Hector offered his hand. Geoffrey looked at it, allowing the moment to stretch. He did not want to give the impression that this was an easy or casual reconciliation, or that there was not still a vast gulf of trust to be bridged. But Hector was right. They had to start somewhere, and now was as good a time as ever. They might not, after all, get another chance.

He shook.

CHAPTER THIRTY-FIVE

It was the morning of the nineteenth of March, another spring day dawning in the northern hemisphere of Mars, the sky as clean and pink as bottled plasma. Soya had driven Sunday and Jitendra back to Vishniac, traversing the Evolvarium at night in a tiny four-wheeled buggy with a bubble-top pressure cabin. They had come out of the Aggregate’s belly down a steel ramp which had folded back into the machine as soon as their wheels touched dirt. Jonathan had said that the journey was safe, that the other machines would keep their distance – none of them wished to provoke the Aggregate – but Sunday nonetheless sensed a constant low-level tension in Soya as they bounced and yawed across the endless high plains of the Tharsis Bulge. Now and then she’d bite her lower lip, clench her knuckles on the controls, glance nervously at the radar and sonar devices, or scan the horizon for the auroral flashes which signalled the death struggles of lesser machines. They had crossed the transponder boundary and put many kilometres between themselves and the technical limit of the Evolvarium before Soya allowed herself to relax. Even then, it was a twitching, high-strung sort of relaxation. She might be free of the machines, but Soya still wished to keep a low profile.

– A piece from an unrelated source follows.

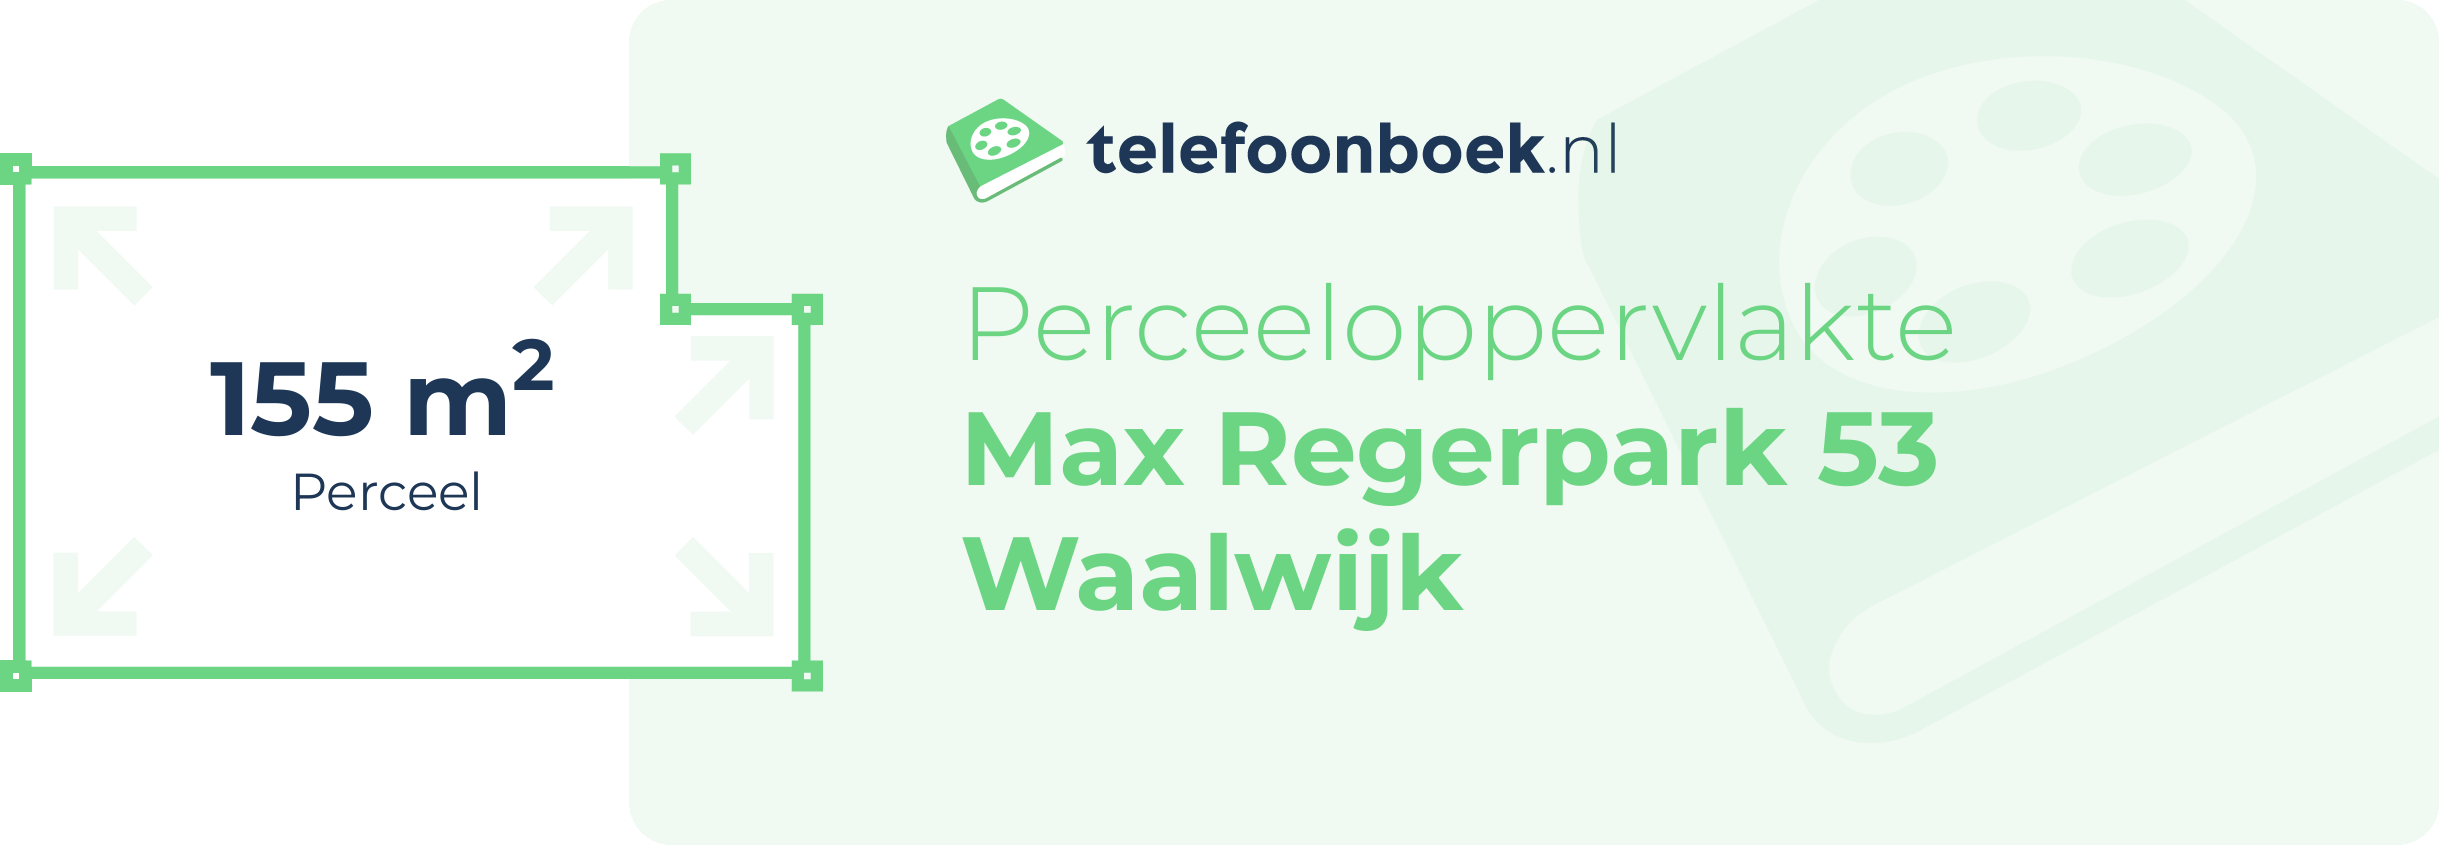 Perceeloppervlakte Max Regerpark 53 Waalwijk

They had only been away from Vishniac for two full days, yet it felt like weeks to Sunday. And the little settlement, skewered by its railway line, so dismal and unprepossessing upon her arrival, now looked magnificent.

Soya parked the buggy in the same underground garage where Gribelin had kept his truck. ‘I should be going,’ she said, while Jitendra and Sunday grabbed their things. ‘Got jobs to do for my father.’

‘At least let us buy you a coffee,’ Sunday said.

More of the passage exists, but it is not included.